But in the other thread your going on and on at how it was an intended jab at Mike on my part, and it wasn't. plus you trying to convince others it was.
I voiced my opinion, it's an OK idea, I think that kind of thread will get out of control, just as the other thread has, and it's not even a crituiquing thread.



1. this is just a forum, a bunch of text messages on a server someplace, not life.

I was going to go on but it's not worth it. Some people have fun in life others take it way to seriously. the way it is.


----------



## Andrew_K99 (Apr 27, 2012)

Please re-read my comments, your perception of what I have said is seriously flawed.

I made 3 comments about the 'Bic' thread [here, here and here]

Not once did I say it was an intended jab, nor was I in anyway attempting to convince anyone of anything. All I said was I understand how Mike saw it.

If you are going to attempt to quote someone do so correctly!


----------



## maxwell_smart007 (Apr 27, 2012)

Ok, enough.

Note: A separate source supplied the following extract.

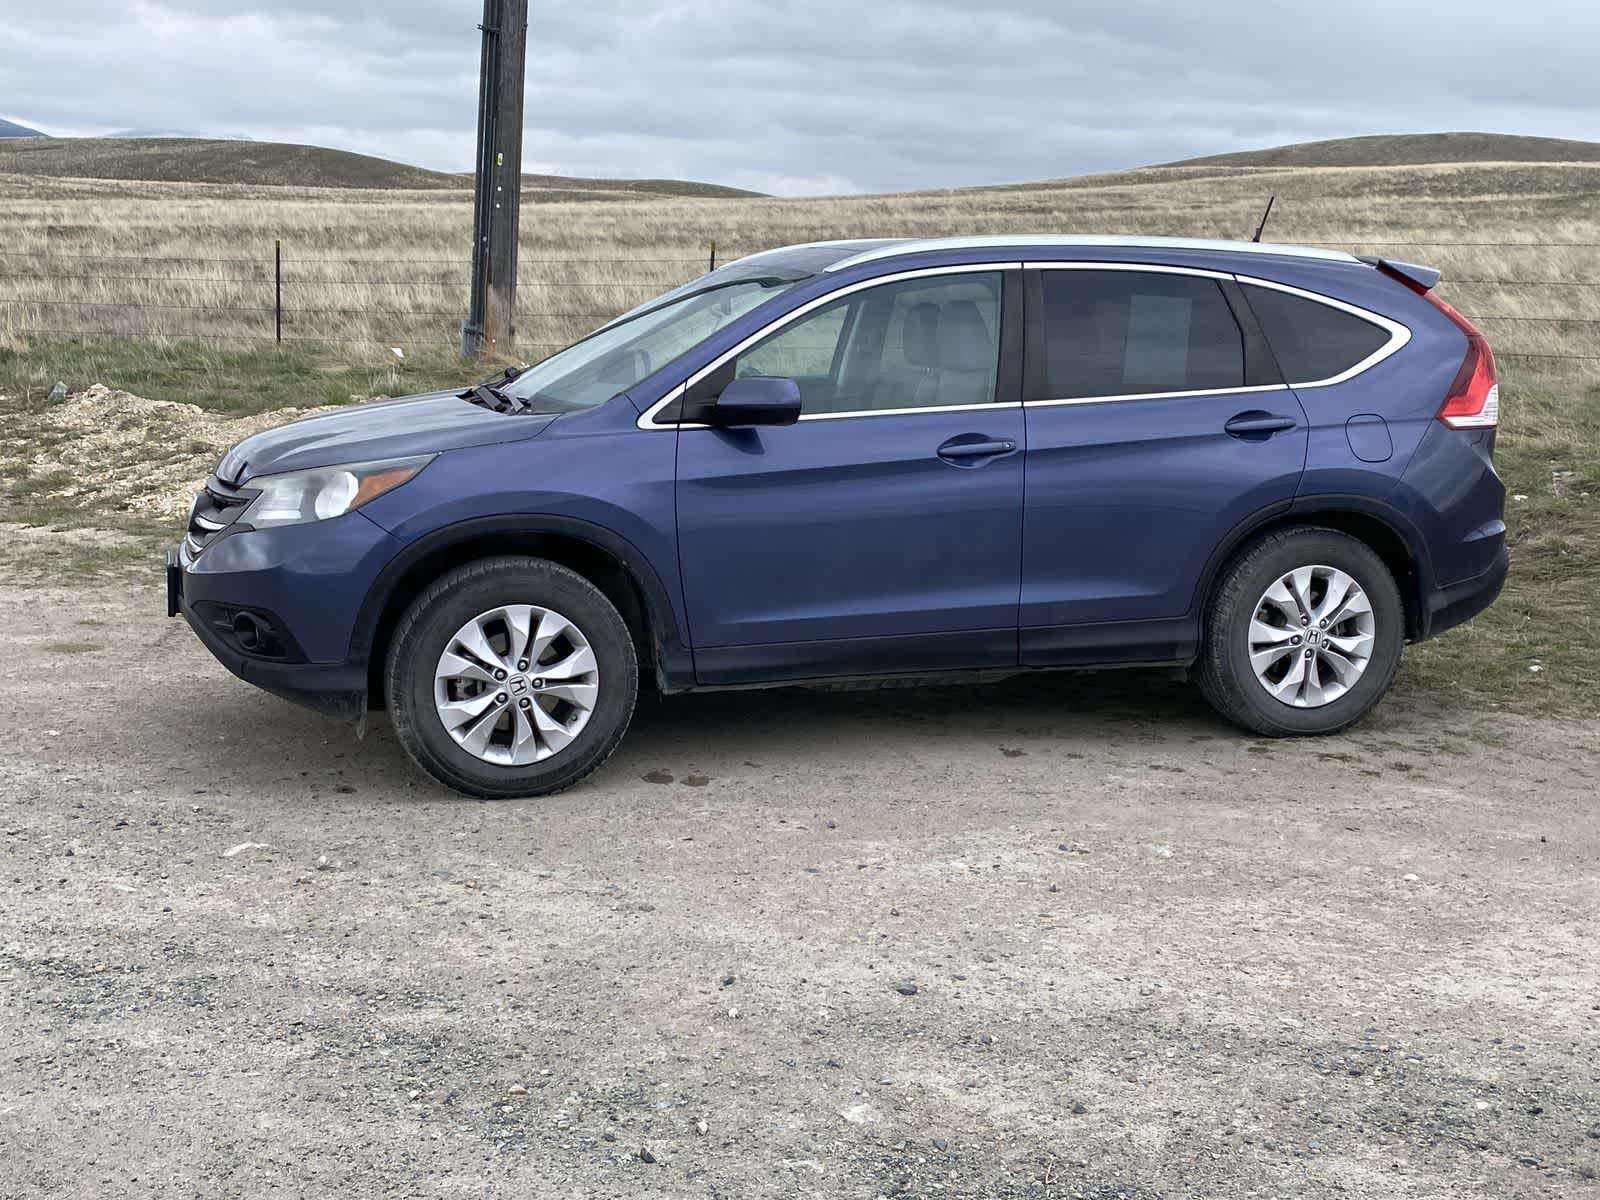 Used 2013 Honda CR-V EX-L with VIN 2HKRM4H74DH686881 for sale in Helena, MT

The banter has definitely acquired an edge.  

Time for a turning break, don't you think? 

Andrew
assistant moderator


----------



## jd99 (Apr 27, 2012)

Sorry but I don't see ay quotes in my post. 
this is a quote
"That 'Bic' (I still think it's a Papemate) thread took Mike's idea and made a joke out of it. It suggests anyone trying to get feedback on a pen is just wasting their time."

You should have stated "In my opinion" the way it's writen (I read) you want others to agree to your opinion. 

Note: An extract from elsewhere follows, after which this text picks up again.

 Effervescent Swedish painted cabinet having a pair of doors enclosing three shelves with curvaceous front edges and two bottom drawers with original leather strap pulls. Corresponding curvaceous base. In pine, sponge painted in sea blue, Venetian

Now I'm not going to get into a ****ing contest with you and the same as the other thread...

In the words of the Shark Tank 
I'm Out


----------



## Andrew_K99 (Apr 27, 2012)

...


----------



## wouldentu2? (Apr 27, 2012)

You won't be able to sell many looking like that. Maybe in black.


----------



## Smitty37 (Apr 27, 2012)

jd99 said:


> Sorry but I don't see ay quotes in my post.
> this is a quote
> "That 'Bic' (I still think it's a Papemate) thread took Mike's idea and made a joke out of it. It suggests anyone trying to get feedback on a pen is just wasting their time."
> 
> ...


 Hmmmm ..... that is a pretty straight forward response  in reply to a post of mine where I wondered why Mike was upset about the "Bic" thread.  In my opinion it had nothing to do with anything someone else might have written, or about the other thread or about the OP topic in this thread.  I think perhaps you read more into that post than was ever intended.


----------



## Andrew_K99 (Apr 27, 2012)

For those following this little banter between Danny and I I'd like to point out that the quote above omitted my first comment which was "*my* take on it".

I apologies If I'm stirring the pot in any way I just don't like being misquoted over and over.


----------